Par ailleurs, ce mode de rupture est frappé de nullité lorsqu'il serait conclu pour des salariés devenus inapte à leur emploi. Il faut rappeler la loi du 31 décembre 1992 à ce sujet. Celle-ci rappelle que lorsqu'un salarié est déclaré inapte par le médecin du travail, l'employeur n'a guère de solution, il doit le reclasser ou bien le licencier [17].

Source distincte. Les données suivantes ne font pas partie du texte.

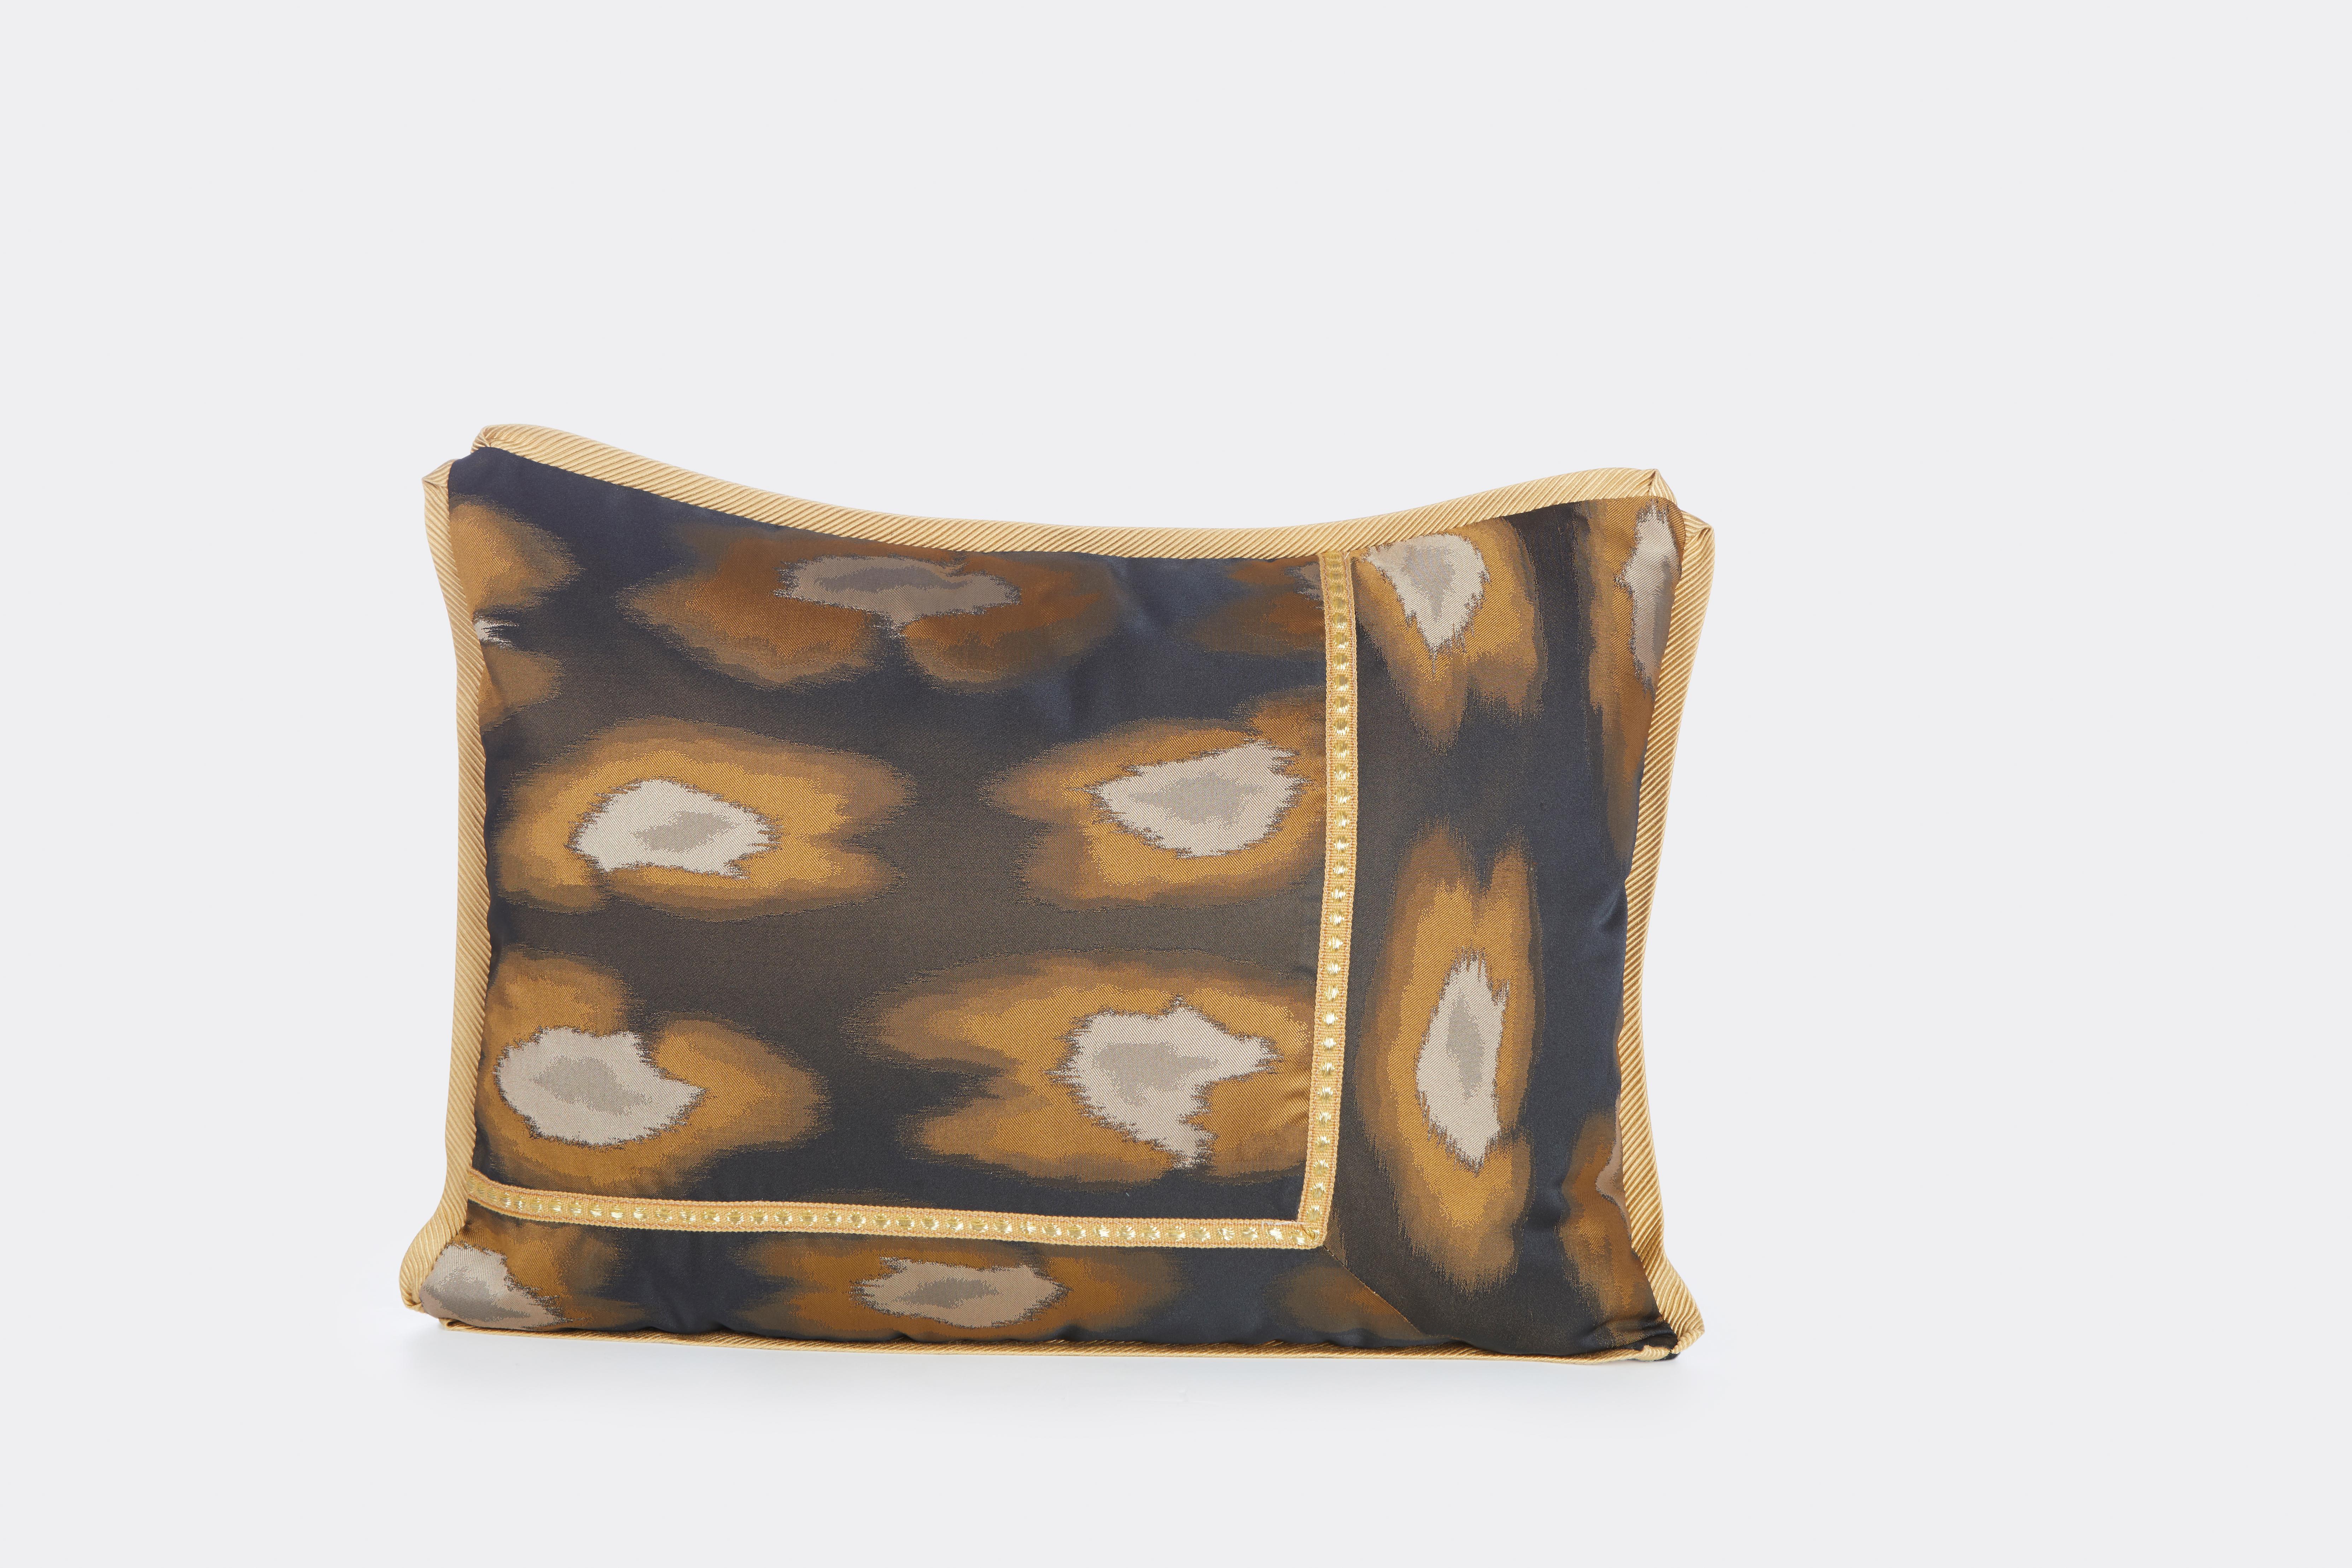 Warp Dyed Silk Dries Van Noten Fabric Cushion In New Condition For Sale In New York, NY
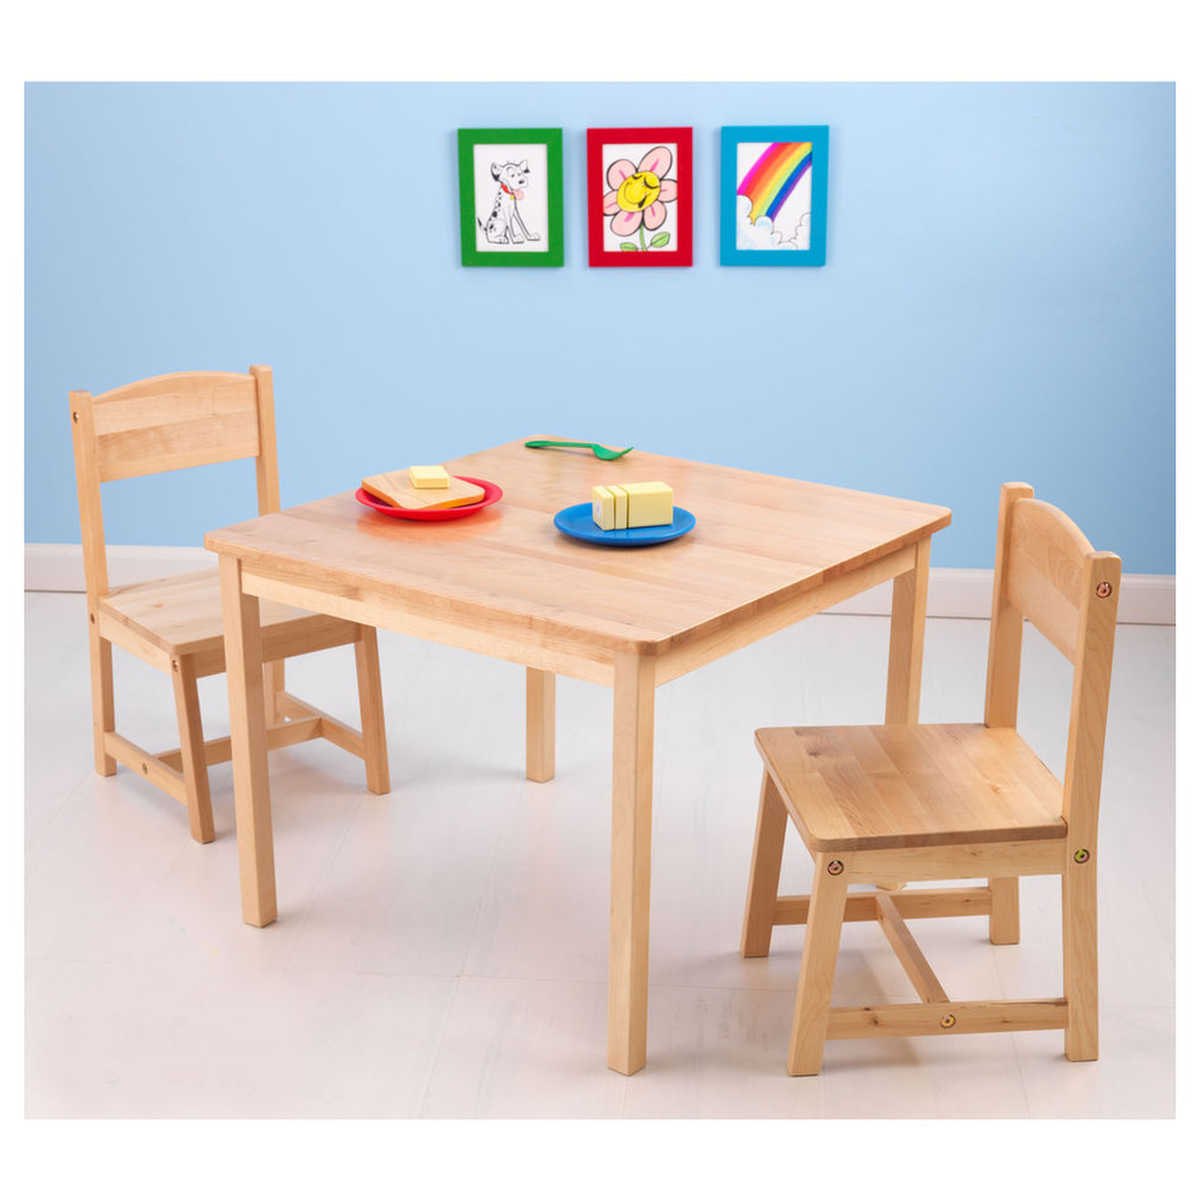 Fisher Price Table And Chair Set - Decor Ideas

2) L'admission de ce mode atypique de rupture pour cause économique

Les départs négociés qui s'inscrivent dans le cadre d'un plan social son licites mais la jurisprudence a posé des conditions. Tout d'abord, il faut respecter la procédure de licenciement pour motif économique, à savoir : consultation des représentants du personnel, plan de sauvegarde de l'emploi, ordre des licenciements et priorité de réembauchage. L'ancien article L.321-1 du Code du travail [18], issu de la loi du 29 juillet 1992, consacre les solutions jurisprudentielles antérieures sur la nécessité du respect de cette procédure même en cas de…rupture négociée [19]. La Cour de Cassation confirme la possibilité d'employer ce mode de rupture qui "constitue une résiliation amiable du contrat de travail" [20]. La seconde condition se situe au niveau de l'indemnisation du salarié. Celui-ci ne peut recevoir des indemnités, légales ou conventionnelles, moindre que ce qu'il aurait eu droit en cas de licenciement [21].

La particularité de la rupture négociée pour motif économique réside dans le fait que l'octroi des droits aux allocations chômage est plus facilement accordé aux salariés. En effet, il suffit de constater que le salarié part volontairement de son emploi dans le cadre d'une rupture négociée pour motif économique pour être assimilé à un salarié licencié pour motif économique. Contrairement aux départs négociés qui se réalisent hors d'un tel contexte. En effet, l'examen de l'ouverture des droits Assedic ne peut se faire en deçà d'une période de 121 jours et sous conditions.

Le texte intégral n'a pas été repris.